6. The preparation method according to claim 5, characterized in that: The extraction conditions for the extracts of Erigeron breviscapus and Eclipta prostrata are as follows: using 50-95% ethanol solution, a material-to-liquid ratio of 1:10-30, an extraction temperature of 60-80℃, extraction 1-3 times, and extraction for 1-2 hours each time.

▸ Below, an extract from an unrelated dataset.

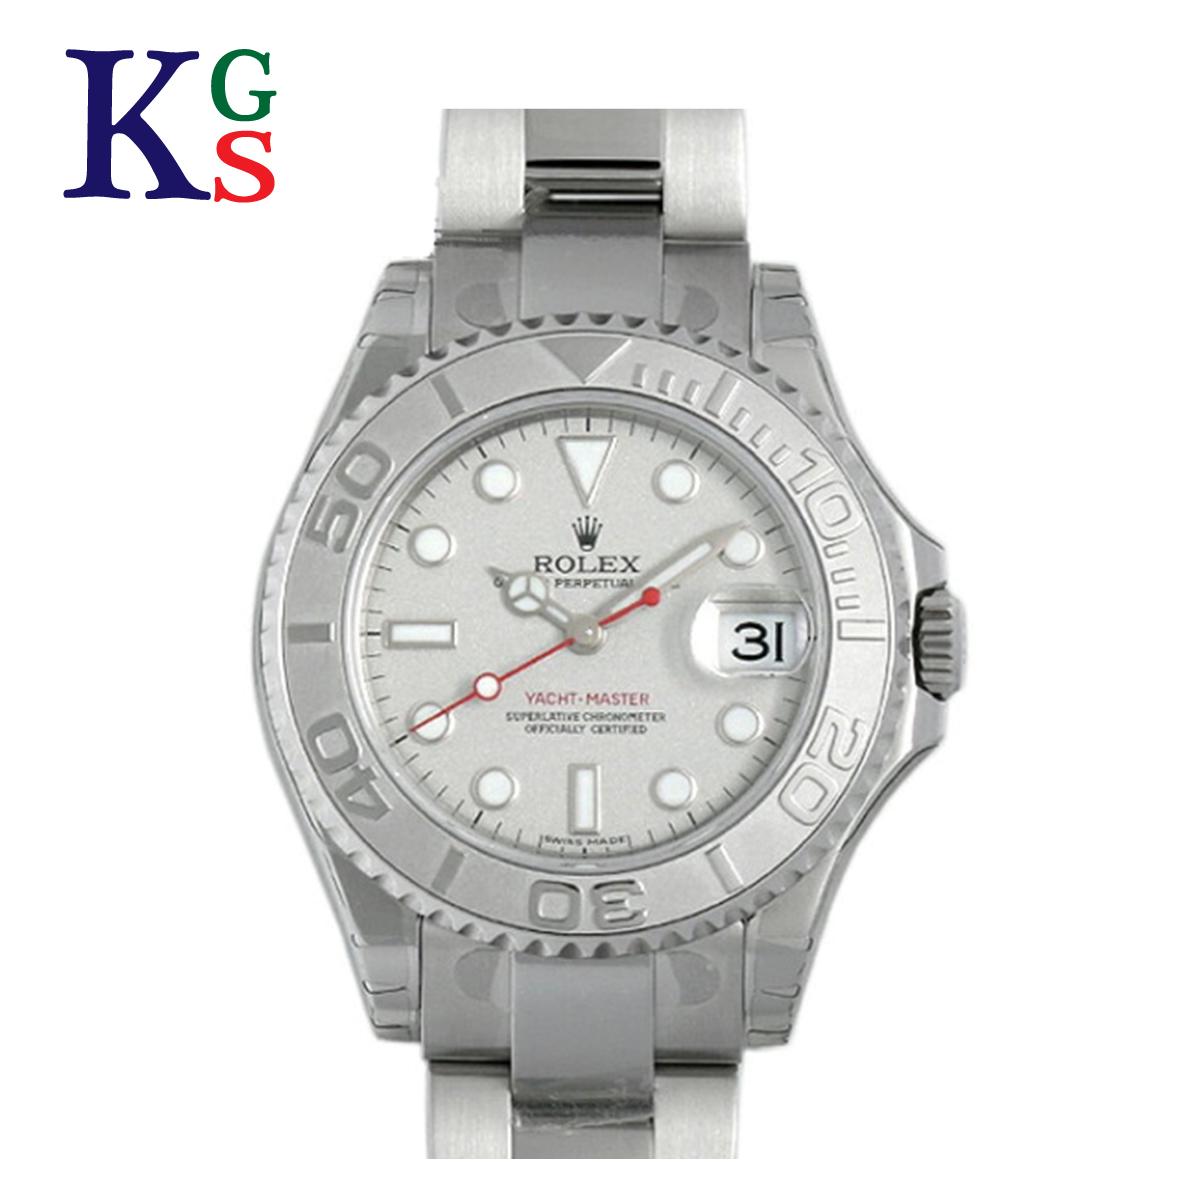 【ギフト品質】ロレックス/ROLEX レディース ボーイズ 腕時計 ヨットマスター ロレジウム Pt×SS プラチナベゼル 168622

7. The preparation method according to claim 5, characterized in that, The total concentration of active ingredients in the topical hair growth product is 0.1 wt%-8 wt%.

8. The use of the hair growth promoting composition according to any one of claims 1-4 in the preparation of a topical hair growth product, wherein the hair growth product has at least one of the following functions: (a) Inhibits 5α-reductase activity, reducing dihydrotestosterone production; (b) Promotes the proliferation of dermal papilla cells and the expression of vascular endothelial growth factor; (c) Activates tyrosinase, promotes melanin production in hair, and improves hair color; (d) Promotes the transformation of hair follicles from the resting phase to the growth phase, increasing hair density and diameter.

9. The application as described in claim 8, characterized in that: The topical hair growth product is any one of the following: hair growth liquid, shampoo, gel, serum, conditioner, and scalp care mask.